WHAT YOU SHOULD DO:
Below are records with pictures in them. Transcribe everything from the line containing "Dunas de arena" down to the line containing "SML TABLO Sahilde", exactly, and leave the pictures behind.

DATA PROVIDED:
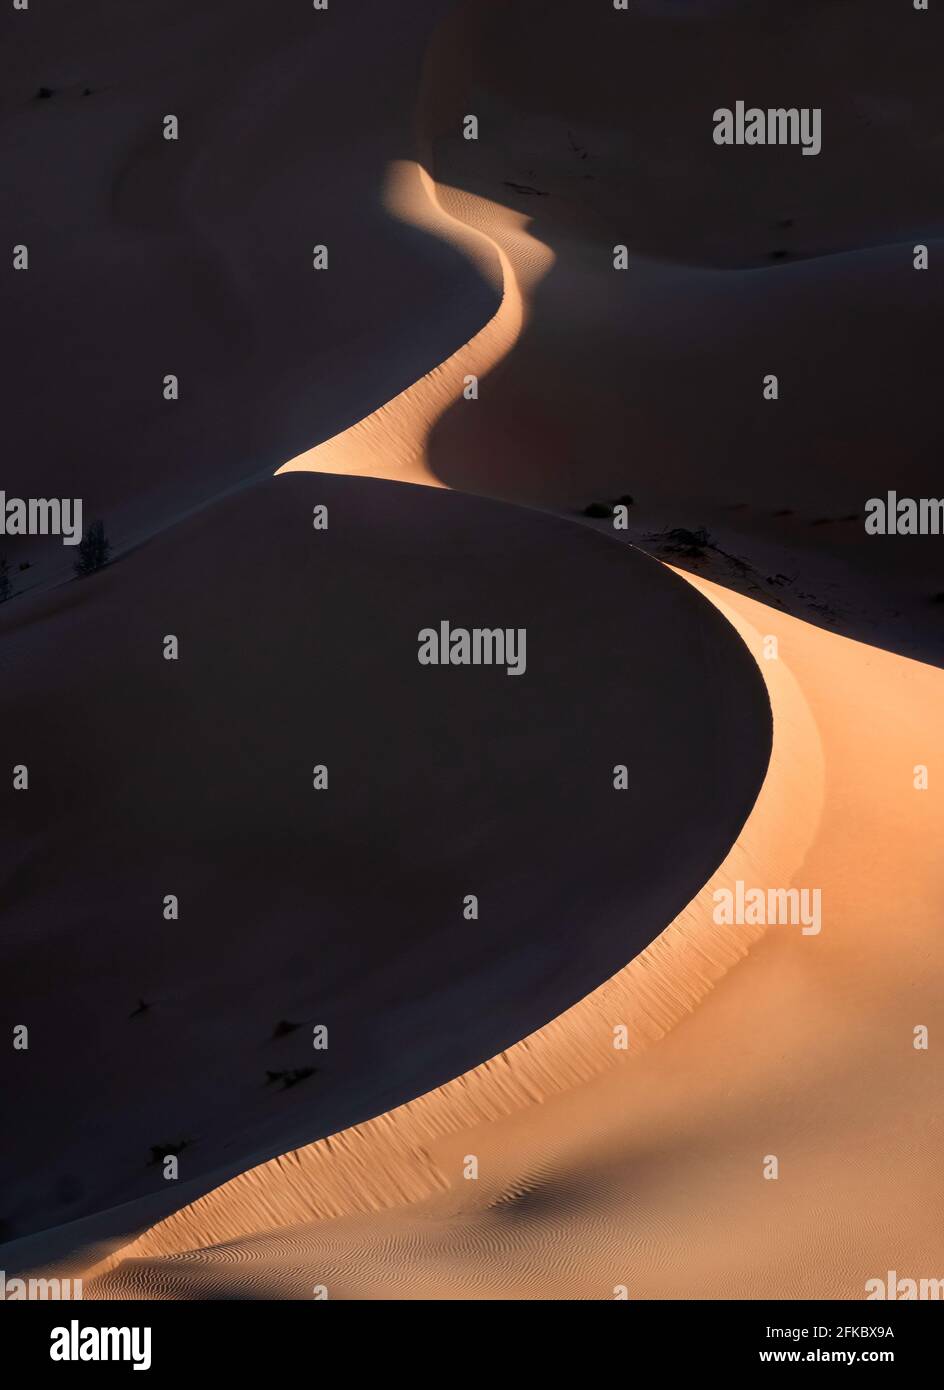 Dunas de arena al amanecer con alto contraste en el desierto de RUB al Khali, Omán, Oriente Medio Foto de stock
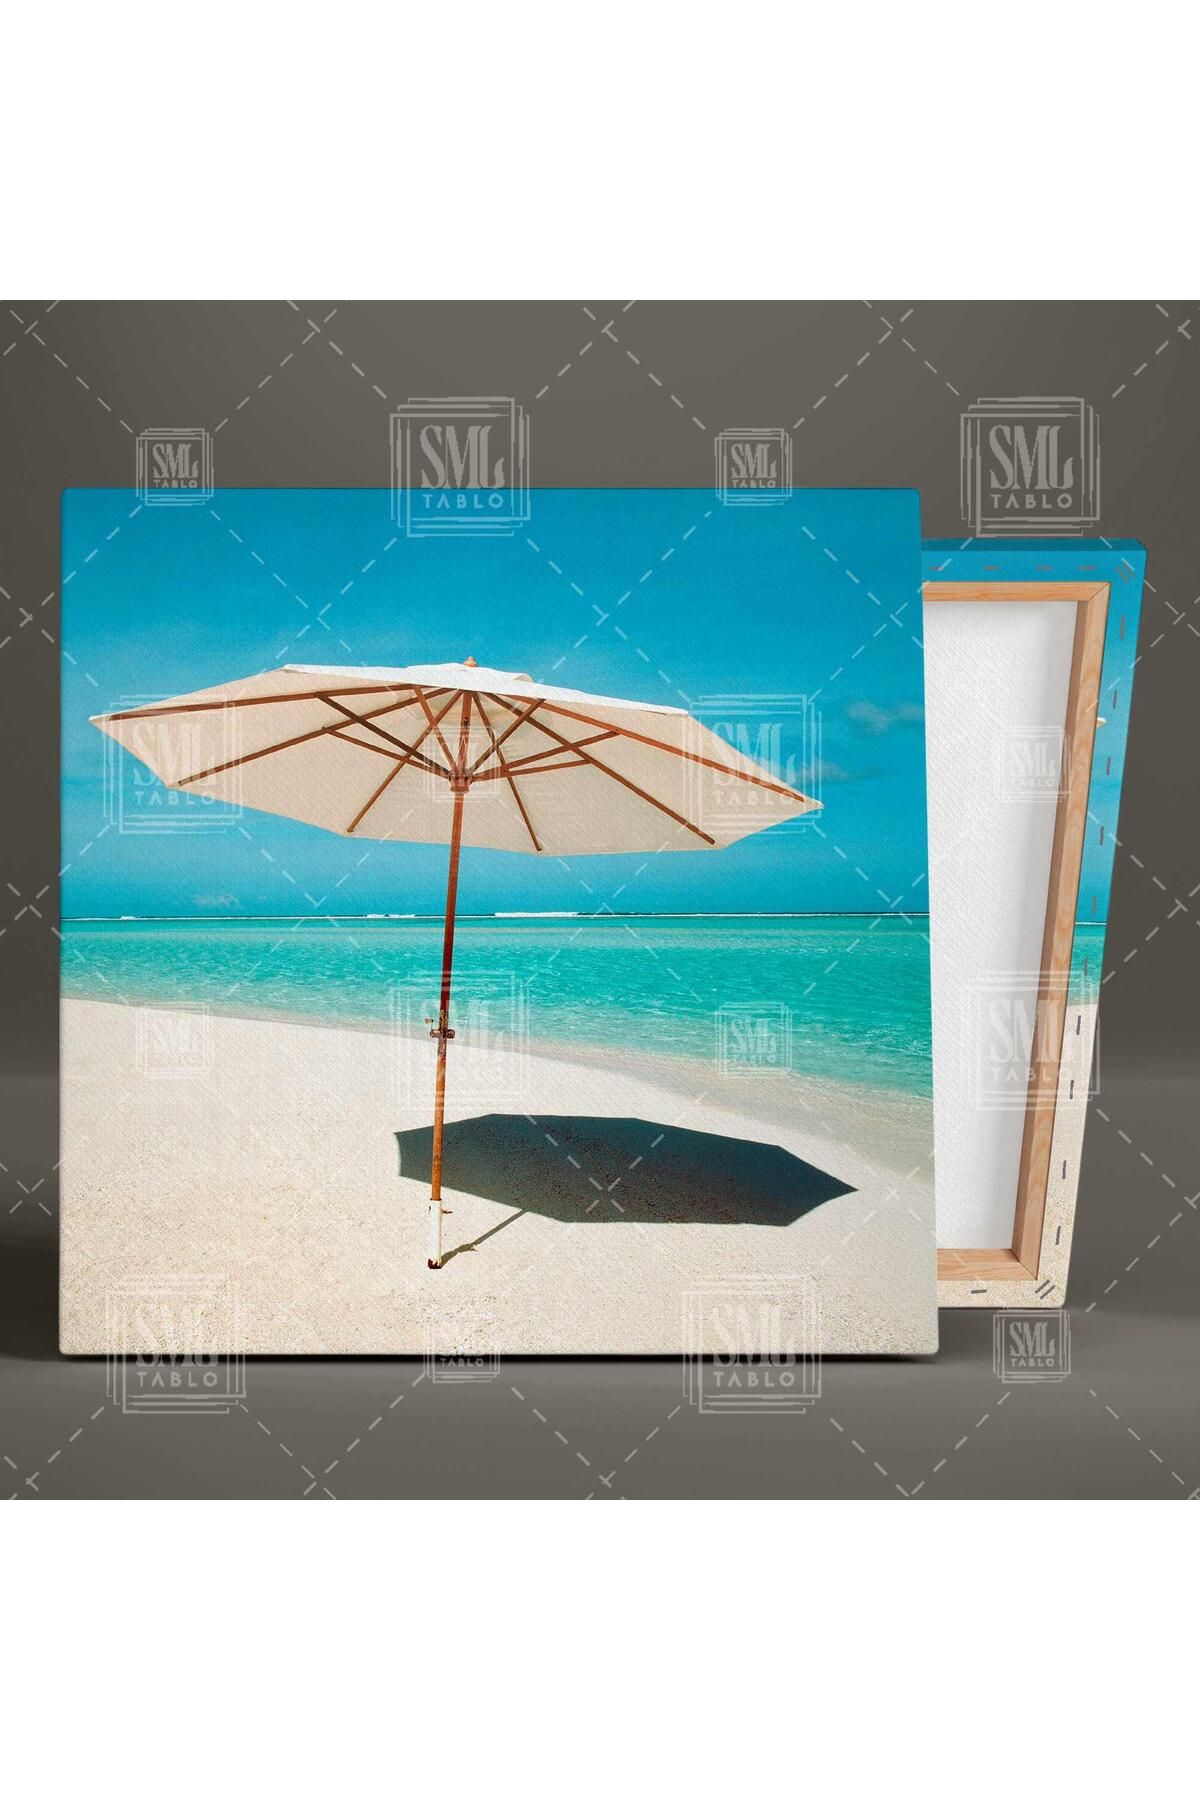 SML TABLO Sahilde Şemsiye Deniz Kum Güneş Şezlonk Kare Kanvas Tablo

* * *

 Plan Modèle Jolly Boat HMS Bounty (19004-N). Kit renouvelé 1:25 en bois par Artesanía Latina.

---

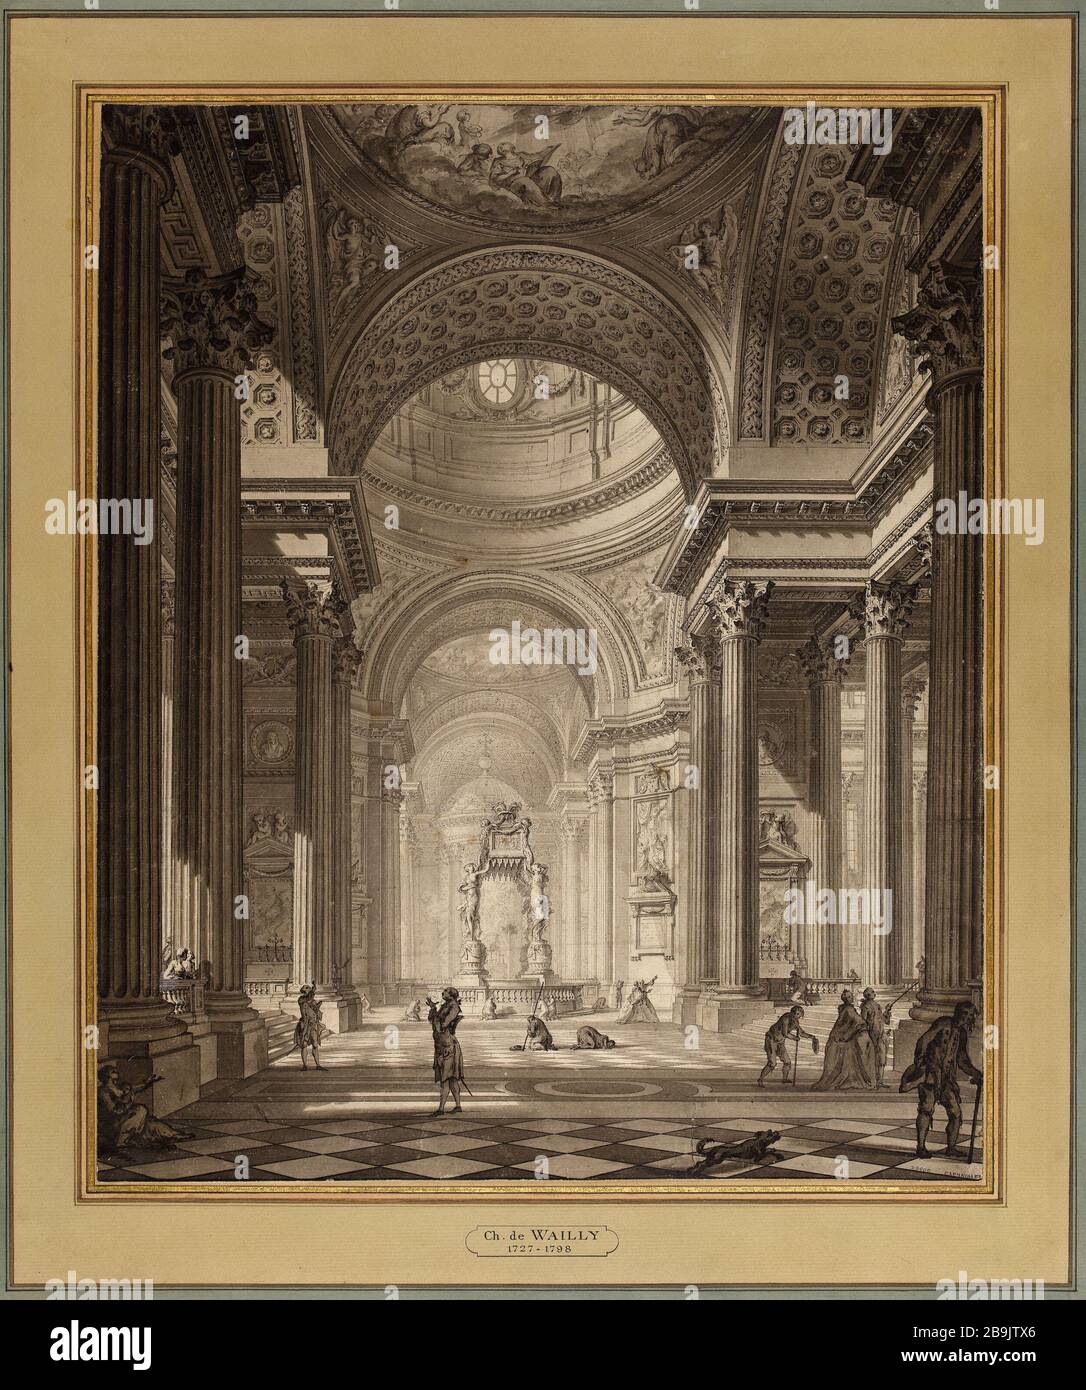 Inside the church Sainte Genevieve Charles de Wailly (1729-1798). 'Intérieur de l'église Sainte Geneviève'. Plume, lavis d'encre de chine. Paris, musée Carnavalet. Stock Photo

OUTPUT FOR THIS EXERCISE:
 Dunas de arena al amanecer con alto contraste en el desierto de RUB al Khali, Omán, Oriente Medio Foto de stock
 SML TABLO Sahilde Şemsiye Deniz Kum Güneş Şezlonk Kare Kanvas Tablo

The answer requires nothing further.